0:20:27.9 Maia Szalavitz: Right, and that’s the thing that people don’t understand about opioids and maintenance in particular, and it’s an important point because basically if you take the same dose of Methadone or heroin or Buprenorphine or OxyContin at the same time every day, you will end up having a complete tolerance to the intoxicating effects of the drug, so in other words, you won’t be impaired, you can drive, you can do all of these other things. So but people think like, their reference point is alcohol, and yeah, I can maintain somebody on alcohol and they’ll be less impaired than they would be if they were taking it irregularly in varying doses, but they’ll still be impaired, but this is not the case with opioids, and this is why you can have somebody who’s on heroin for 40 years and you can’t tell them from anybody else.

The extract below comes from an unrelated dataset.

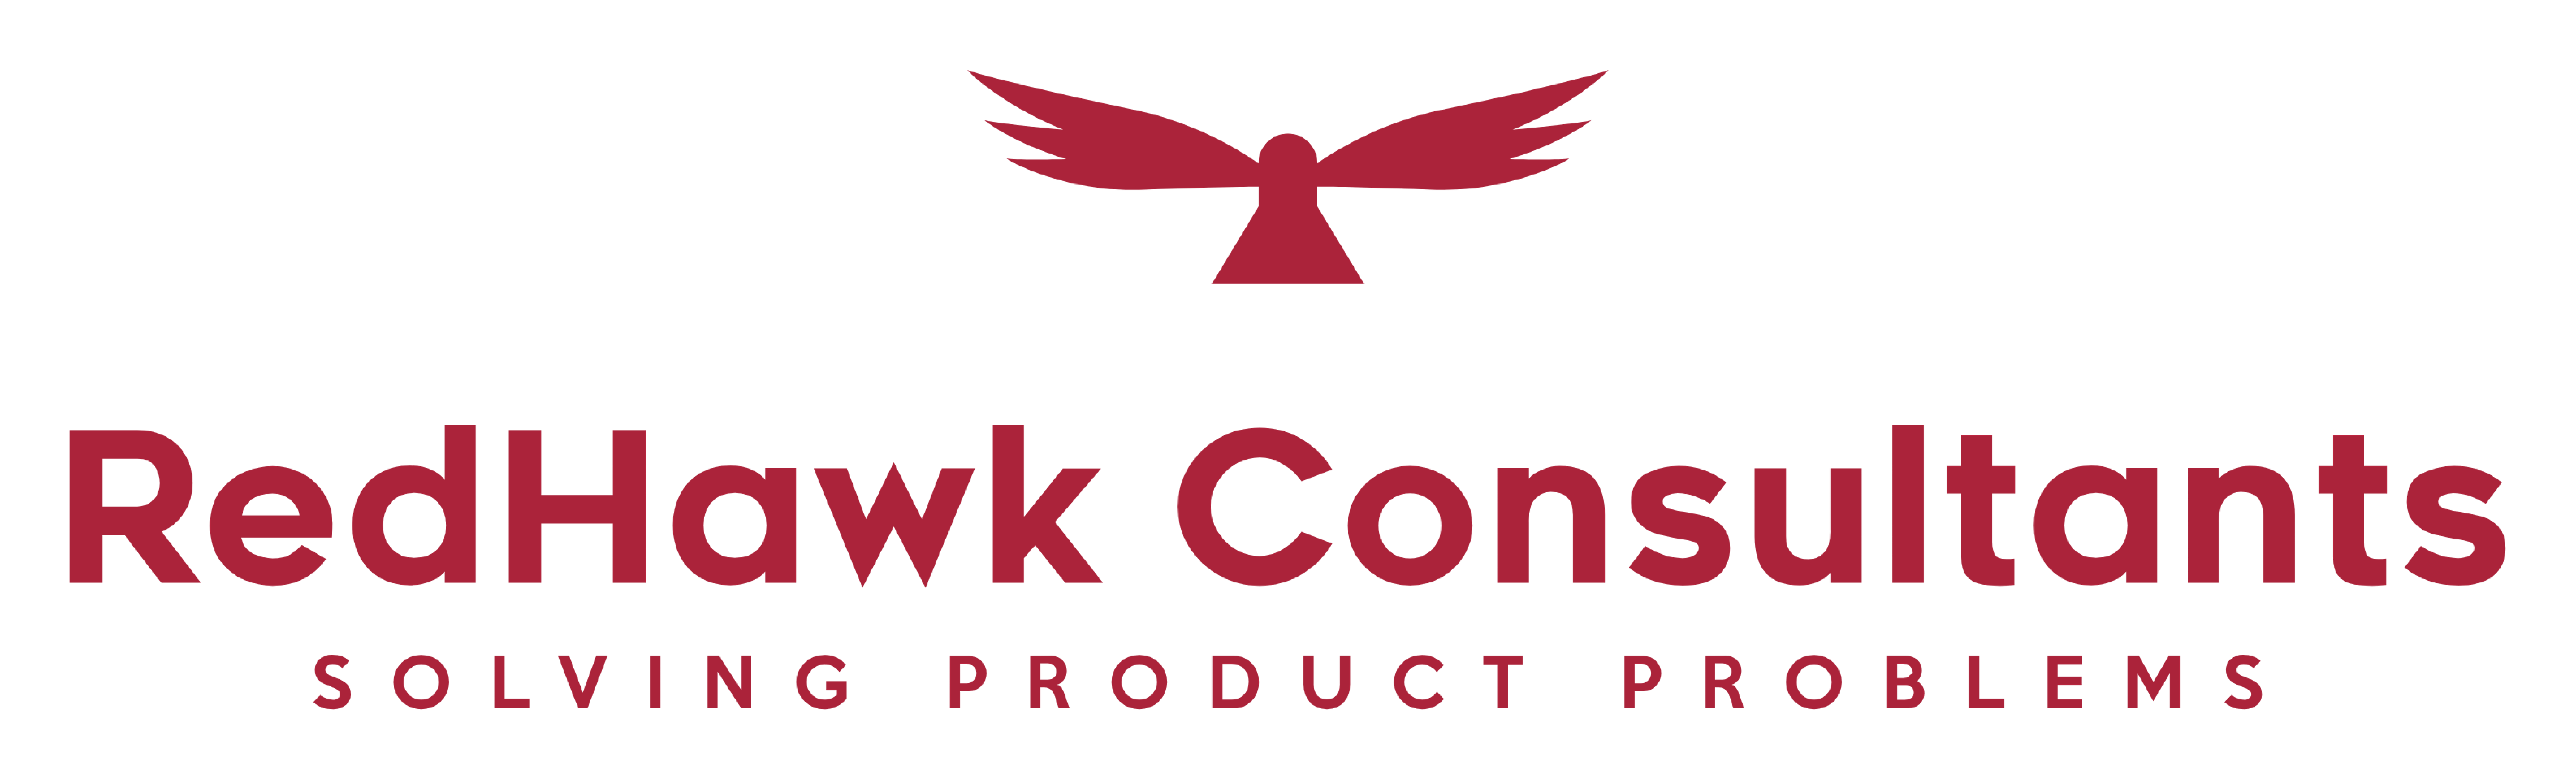 RedHawk Consultants logo

0:21:21.6 Aaron Ross Powell: It seems then that we have this problem of effectively cultural pictures of addicts because… And I wonder how much this is driven by the lack of legality, that with alcohol, we know what an alcoholic looks like and the person who just is constantly drunk and violent and non-​functioning alcoholic, but we also know about all sorts of other people who use alcohol because it’s not illegal, and people use it openly, publicly, regularly, and have a glass or two of wine each night and are fine, and we know what alcohol use looks like across that spectrum, but the illegality of the illegal drugs means that basically we’re only aware of the people who are at the extreme of just dysfunctionality from it, the functional ones are hiding it.

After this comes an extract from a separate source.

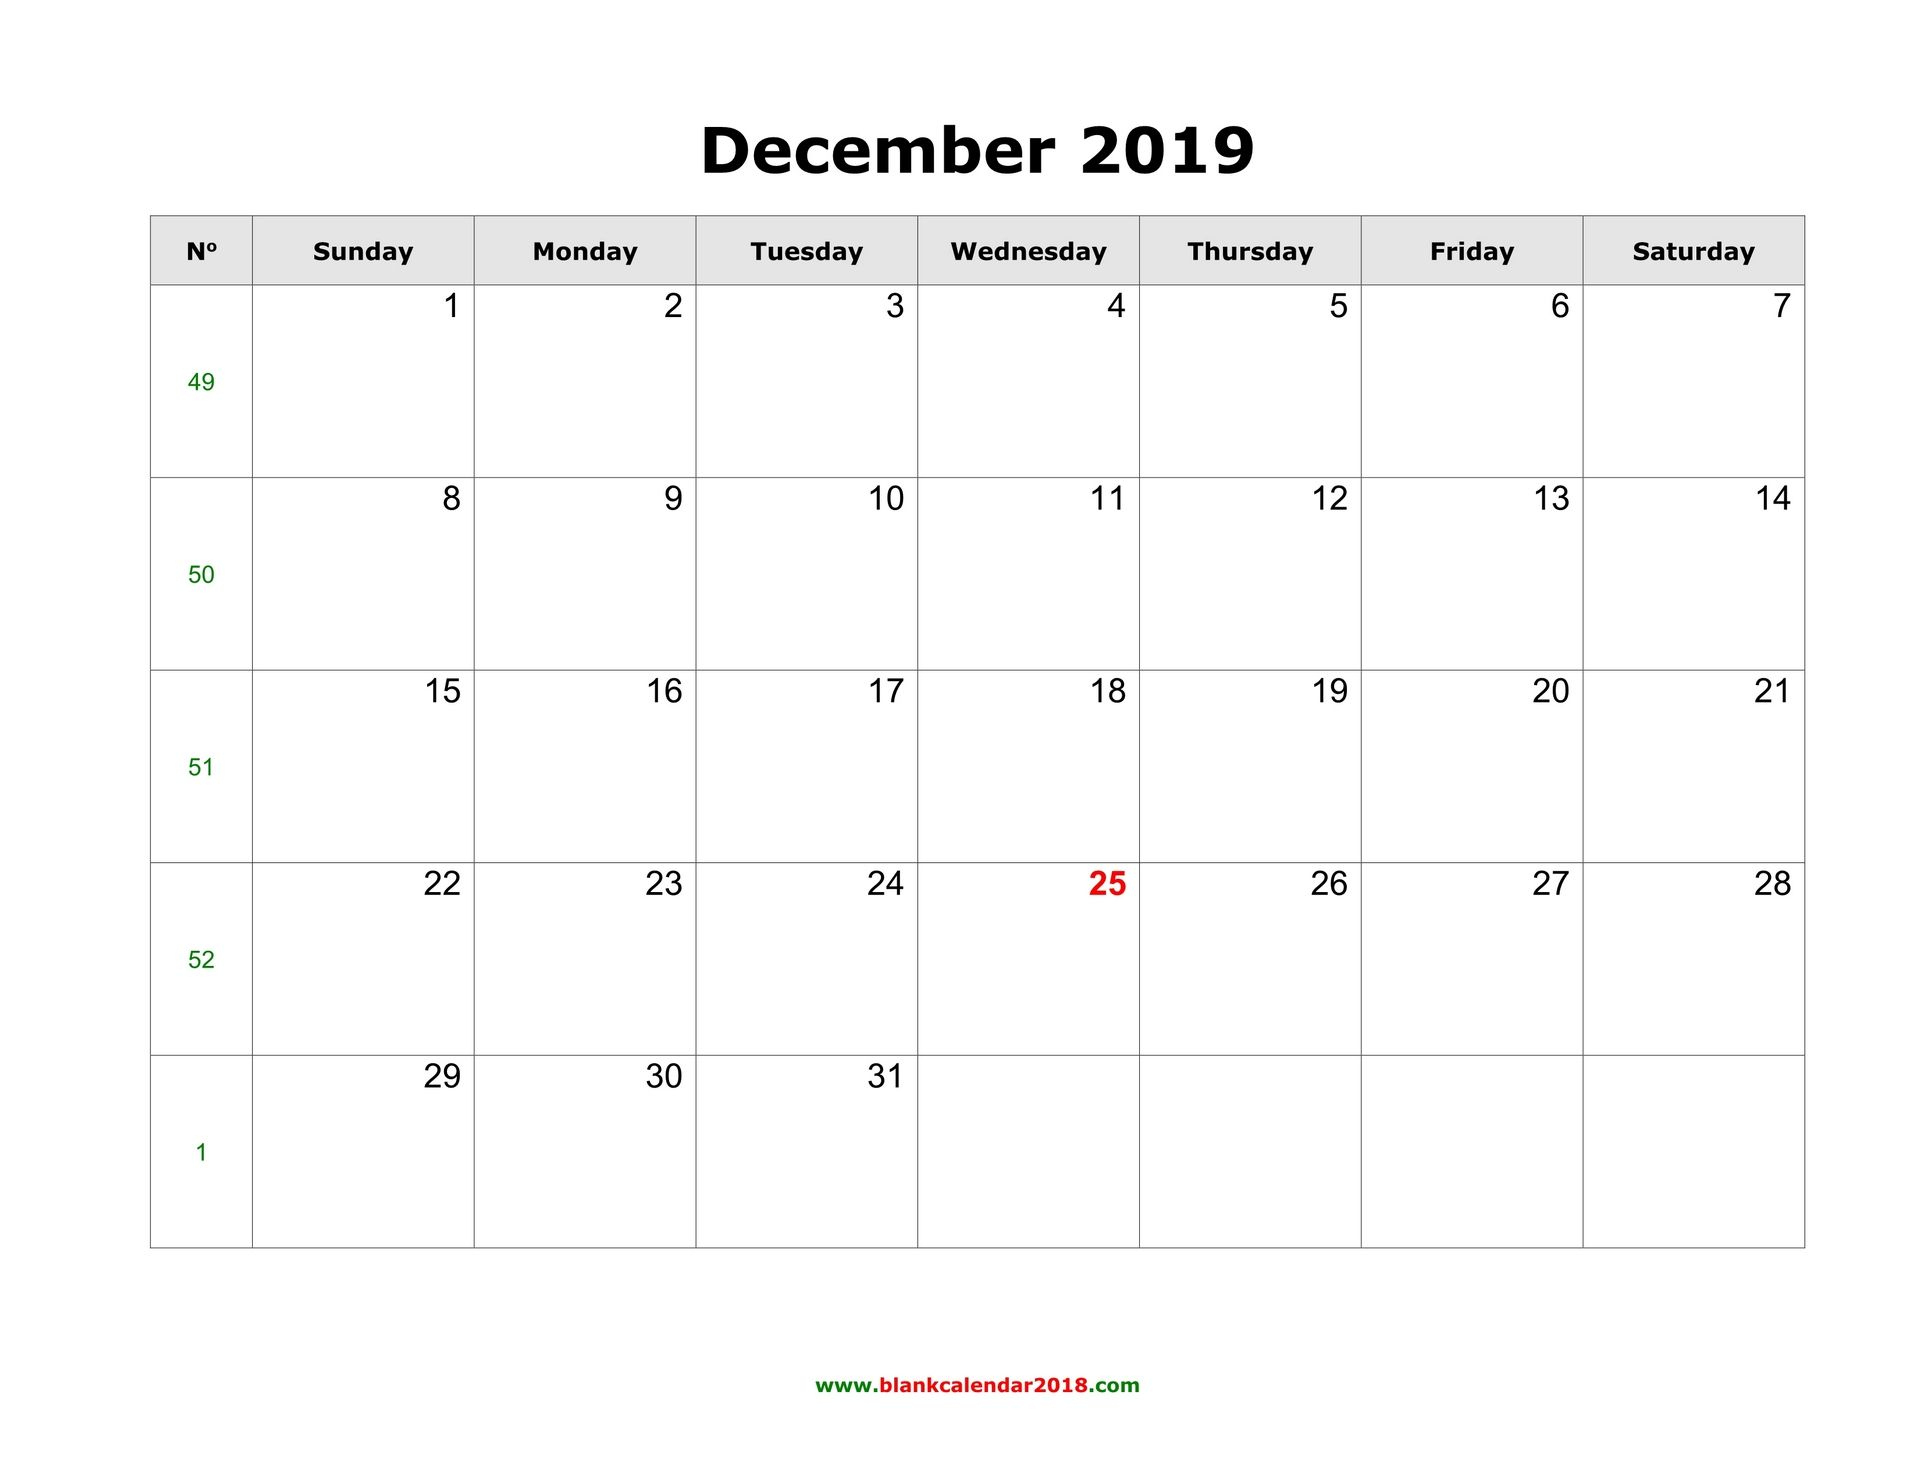 Calendar Template December 2019 Editable - Free Template

0:22:20.7 Maia Szalavitz: Yes, exactly. And so what you have is this paradox where people… When you look at harm reduction, like you see a lot of people shooting up and you see this craziness and people are handing out needles and they’re like, they don’t look so good in all of this, and you think, Oh God, this is terrible. This doesn’t work, and then you go to an abstinence treatment center and everybody’s happy and they look good and they’re healthy. Yeah, ’cause those other people dropped out and they’re not in services anymore, so the same thing with criminalization, the people that are functional and doing well under our criminal system are gonna be hiding themselves, and the people who can’t hide themselves are the ones you’re gonna see. And criminalization will sort of re-​capitulate and reinforce the negative stereotypes we have about, say, people with addiction being criminals in general, because the prices are so high that it’s very hard to support your habit without being a criminal under criminalization, and so then… Yeah, so then of course, you see all of these people must be criminals in a way that you wouldn’t see if you simply had a safe supply basically.

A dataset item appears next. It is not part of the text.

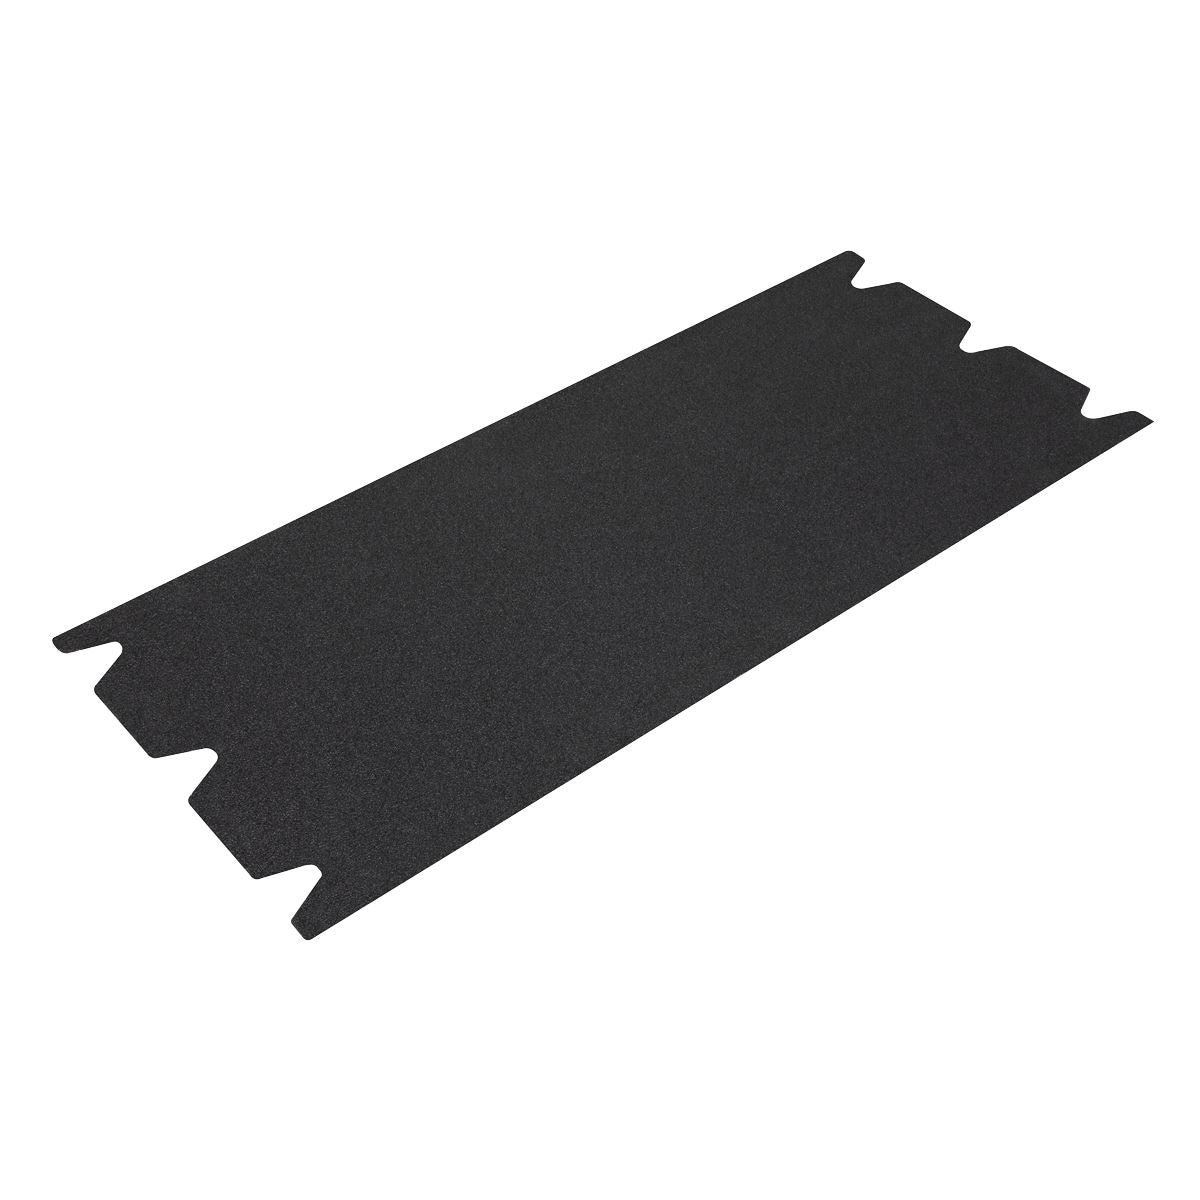 Sealey Floor Sanding Sheet 203 x 495mm 40Grit - Pack of 25

0:23:27.8 Trevor Burrus: It’s one of my favorite things about your book is it’s all the stories, but the people who got out there and started treating people who use drugs as supposed to be like human beings. And it made their day. John Parker was my favorite story, and in the story of the passing out of needles, you were there for that event at least for the civil disobedience one, but also just the way he did it for years and years and years, and how much that was appreciated by people who use drugs.

0:23:58.8 Maia Szalavitz: Well, yeah, and I mean, all of the early needle exchangers had that experience because the people… This is like the height of the drug war, and drugs are bad and drug users are evil, and we should let them all die, and AIDS is out there and crack is out there, and everybody’s just focusing on these people are the enemy, and then somebody comes up to you like John Parker and says, Hey, I’m gonna give you a clean needle, I don’t want anything from you. If you have a dirty one, that’s great, I’ll take that back. But you don’t have to do that. All I want is for you to protect yourself from HIV. And here’s some condoms. So that just blew people’s minds because they knew he was doing something illegal, he was risking his freedom to help people that everybody else wanted to just step on and avoid. So that was just so powerful and you could just see it when you went out with him to the places where he did his work and with the other needle exchangers, like the ACT UP folks or the people out in San Francisco or wherever it happened, this thing happens because it’s criminalized in most places, and so you would just see people just responding.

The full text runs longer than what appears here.